Problem requirements
With the pictures left out, retype exactly the lines below starting at the line that contains "Beautiful abstract intertwined" and ending at the line that contains "Named for His".
Extracted records START
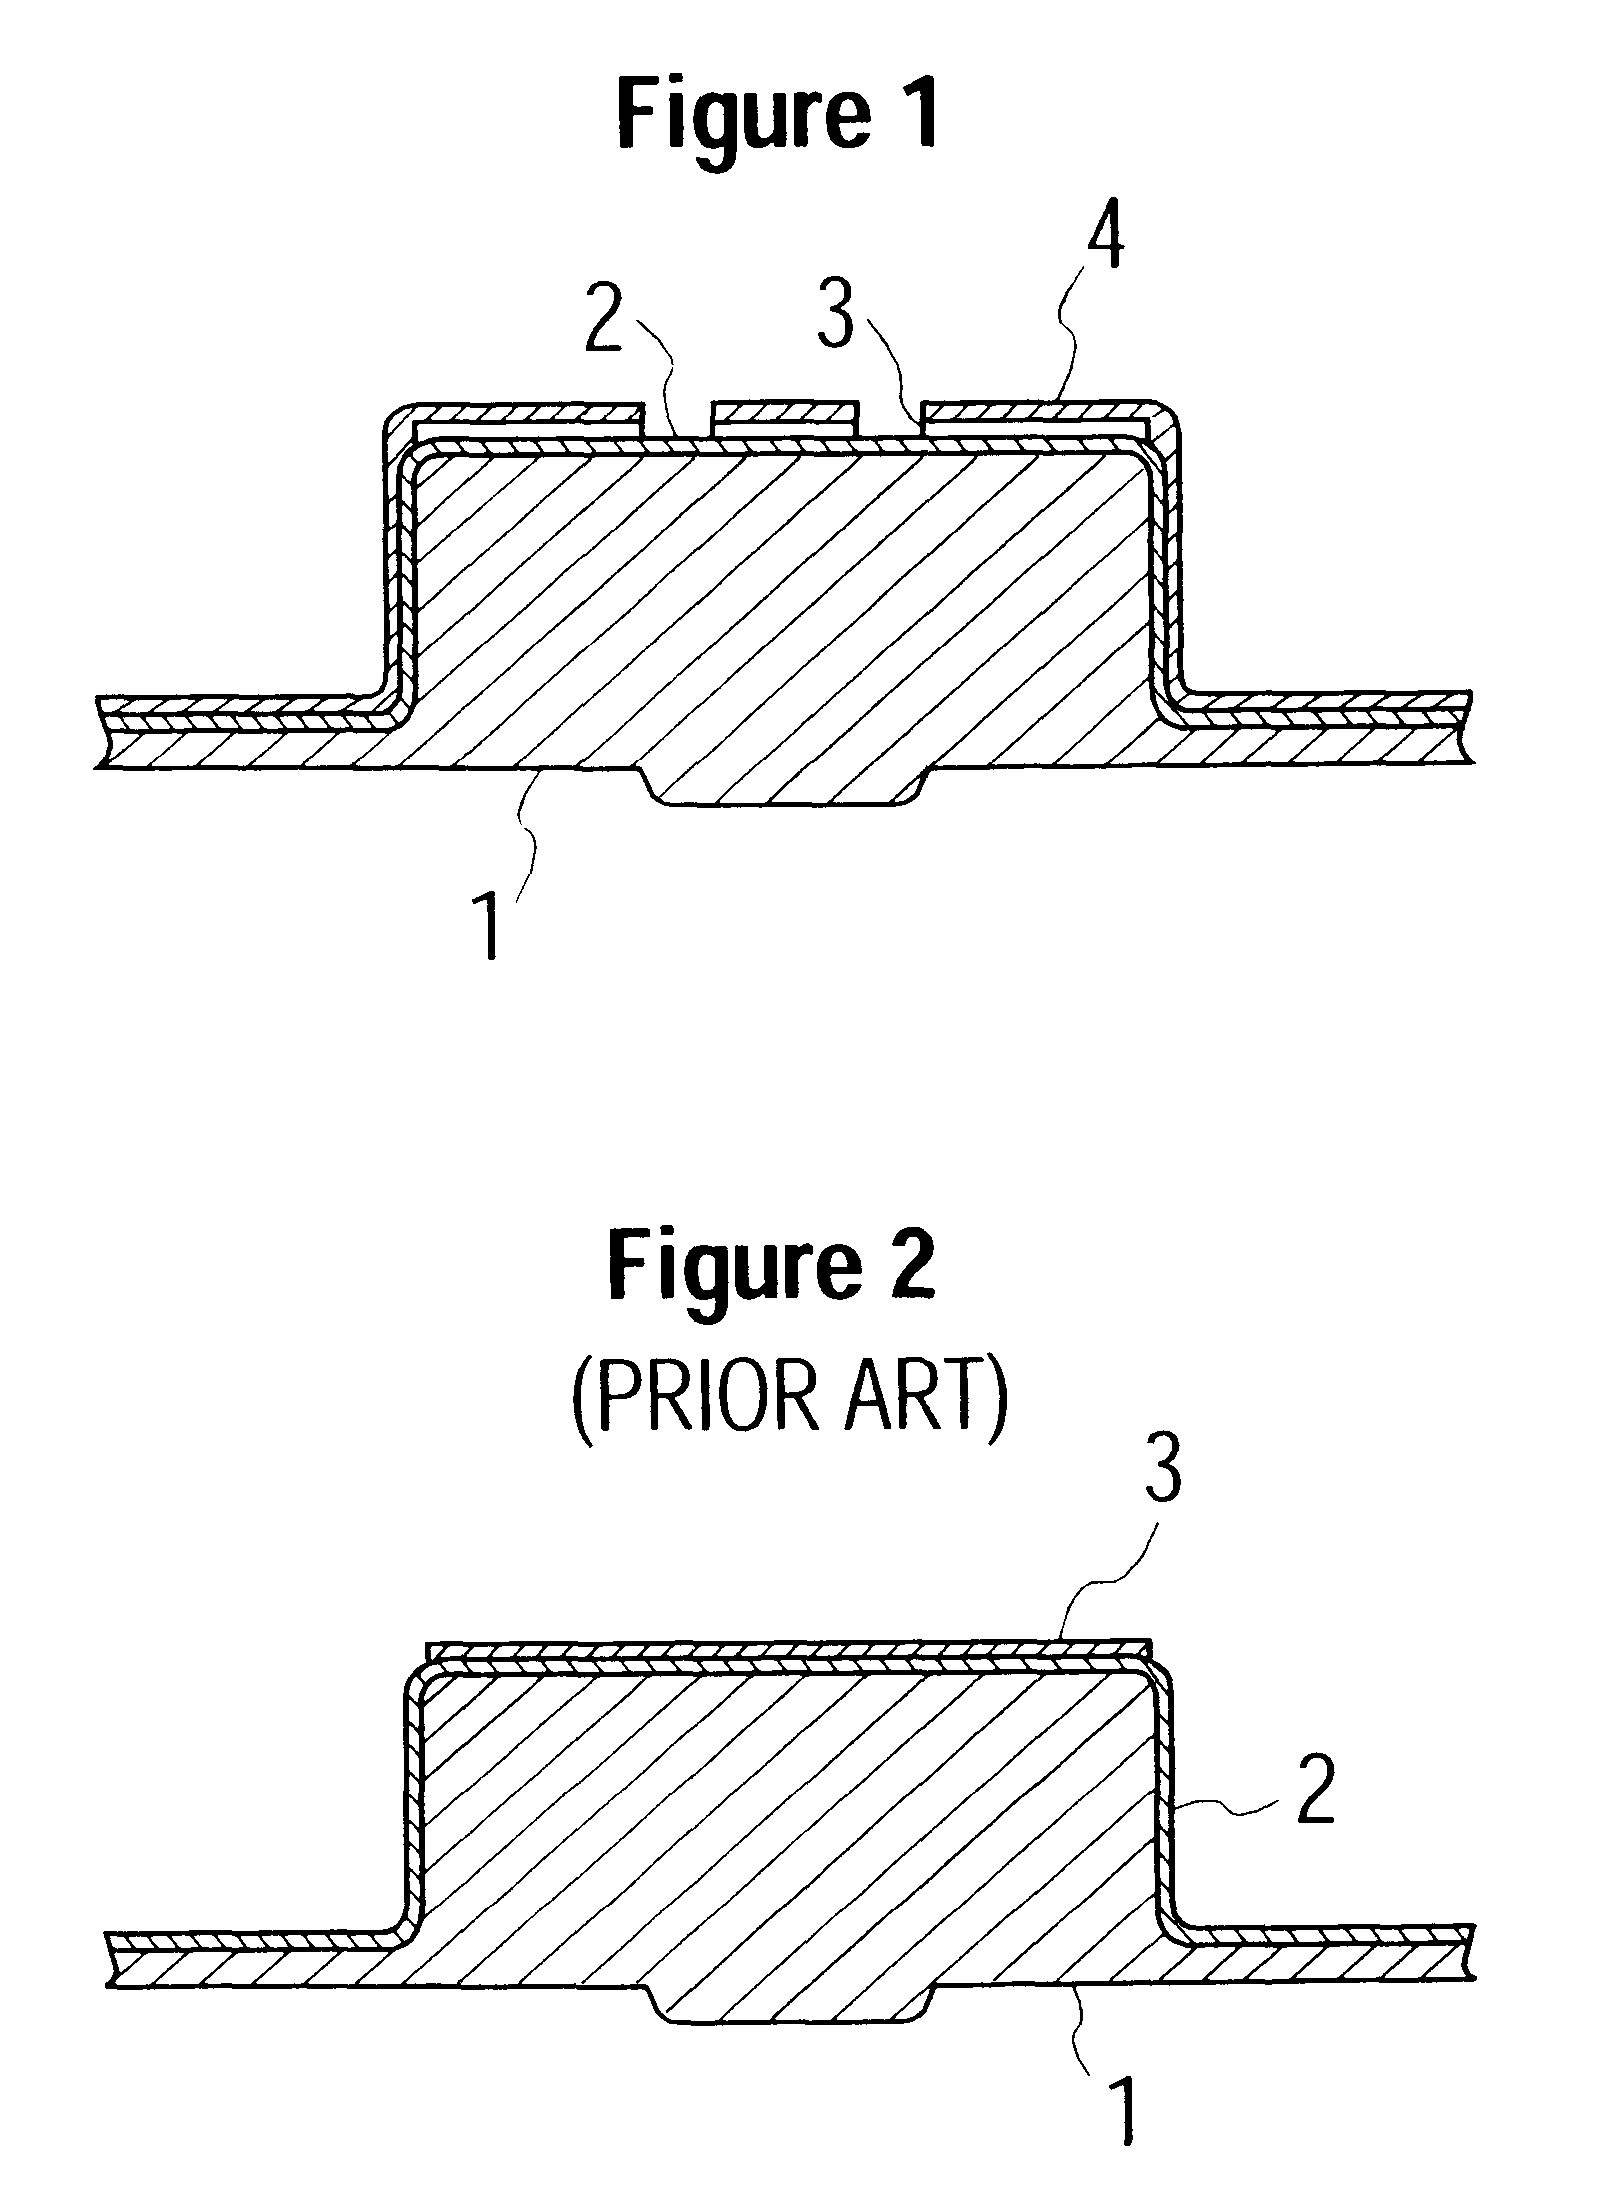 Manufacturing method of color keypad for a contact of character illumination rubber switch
Extracted records END
Extracted records START
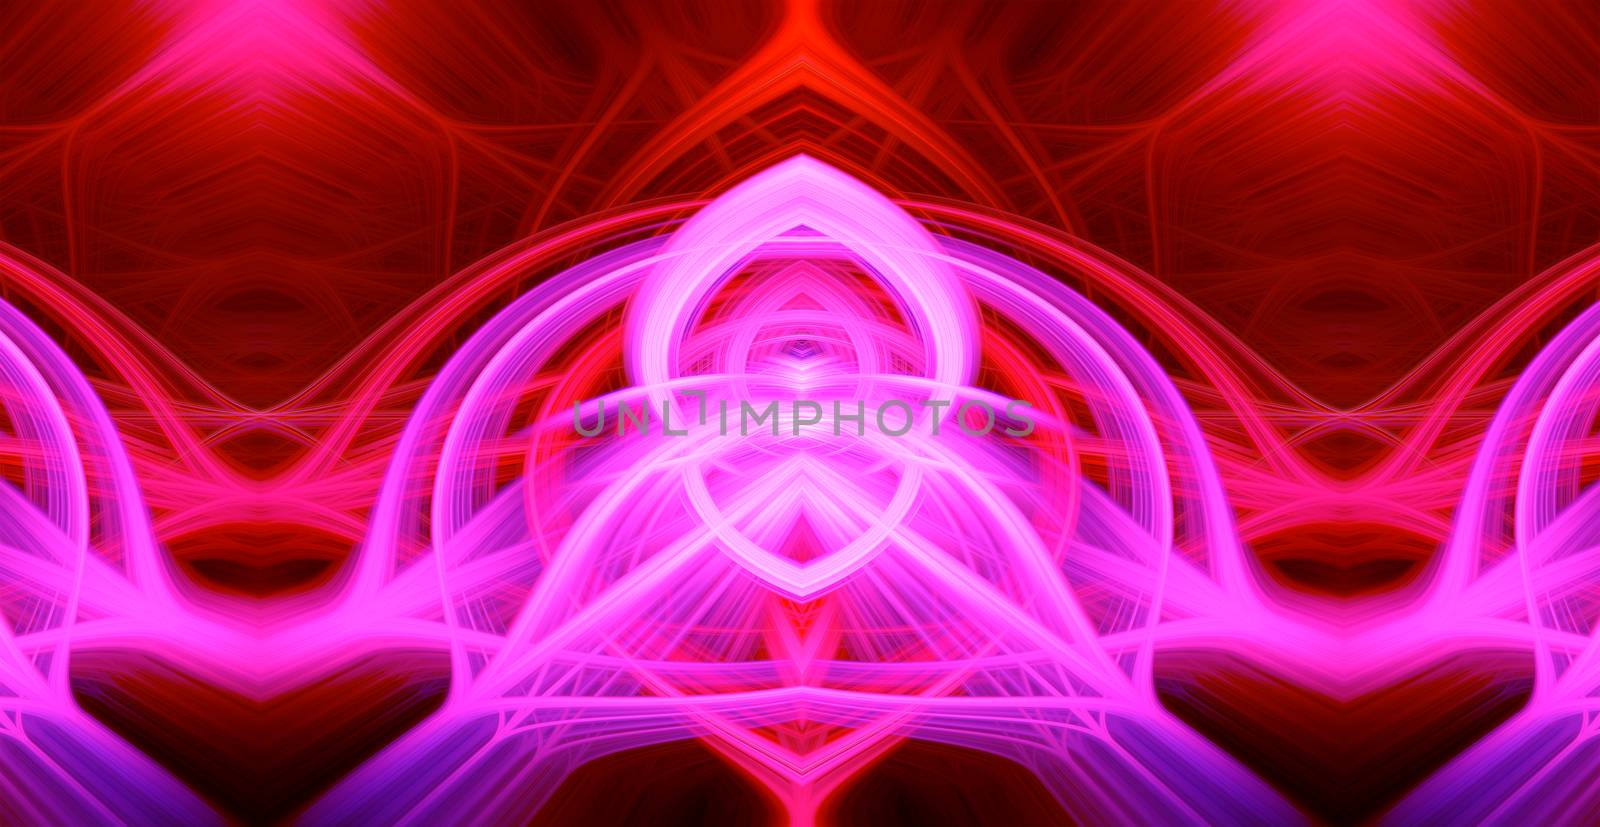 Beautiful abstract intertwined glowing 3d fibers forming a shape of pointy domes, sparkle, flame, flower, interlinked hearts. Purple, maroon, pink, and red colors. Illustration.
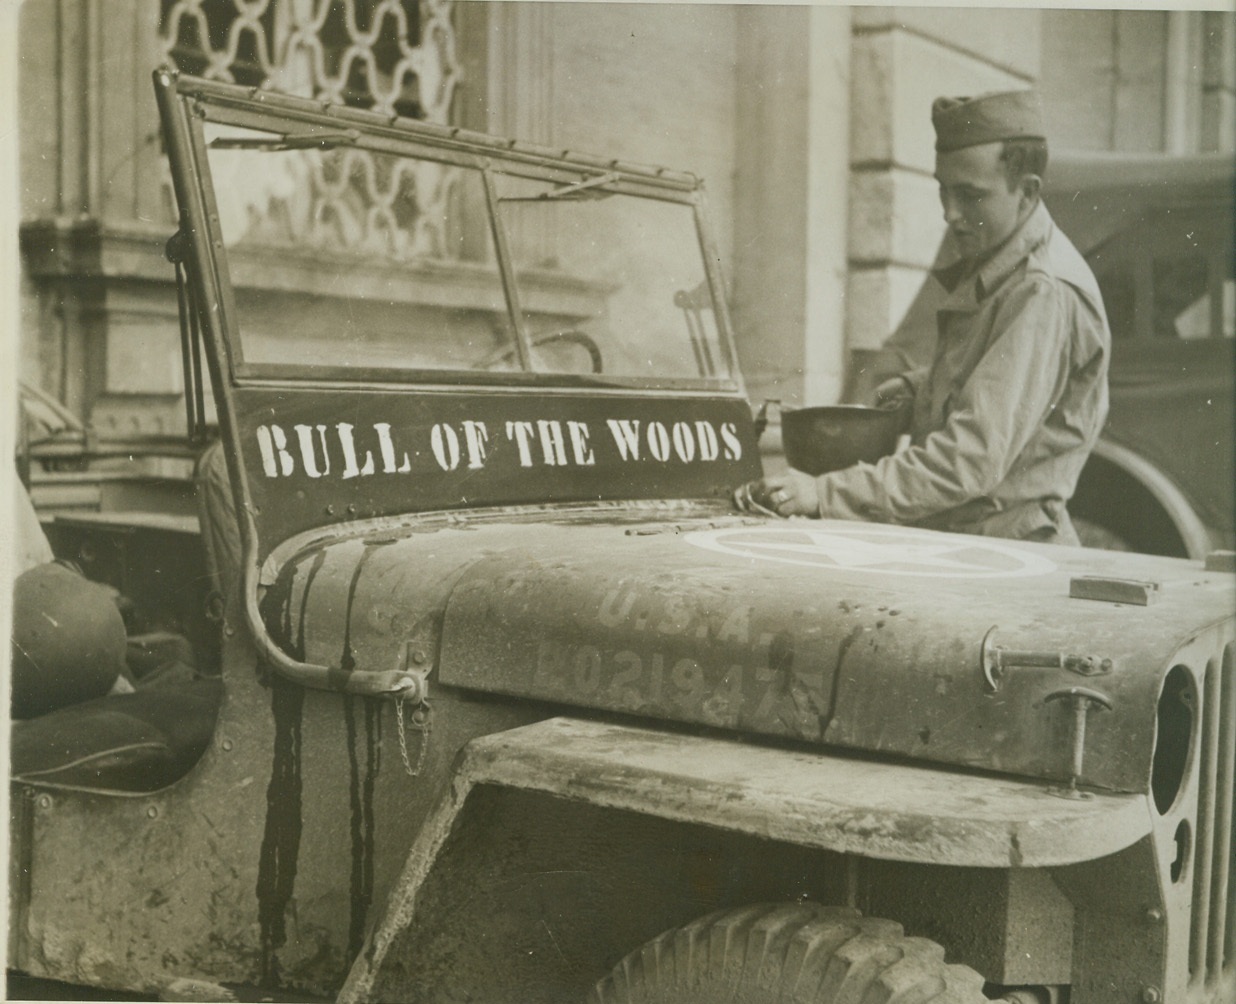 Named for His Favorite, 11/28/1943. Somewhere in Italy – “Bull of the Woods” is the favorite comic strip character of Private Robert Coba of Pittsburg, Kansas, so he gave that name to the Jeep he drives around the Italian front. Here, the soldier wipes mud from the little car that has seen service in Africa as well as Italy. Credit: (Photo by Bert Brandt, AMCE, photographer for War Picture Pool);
Extracted records END
Result for this exercise
 Beautiful abstract intertwined glowing 3d fibers forming a shape of pointy domes, sparkle, flame, flower, interlinked hearts. Purple, maroon, pink, and red colors. Illustration.
 Named for His Favorite, 11/28/1943. Somewhere in Italy – “Bull of the Woods” is the favorite comic strip character of Private Robert Coba of Pittsburg, Kansas, so he gave that name to the Jeep he drives around the Italian front. Here, the soldier wipes mud from the little car that has seen service in Africa as well as Italy. Credit: (Photo by Bert Brandt, AMCE, photographer for War Picture Pool);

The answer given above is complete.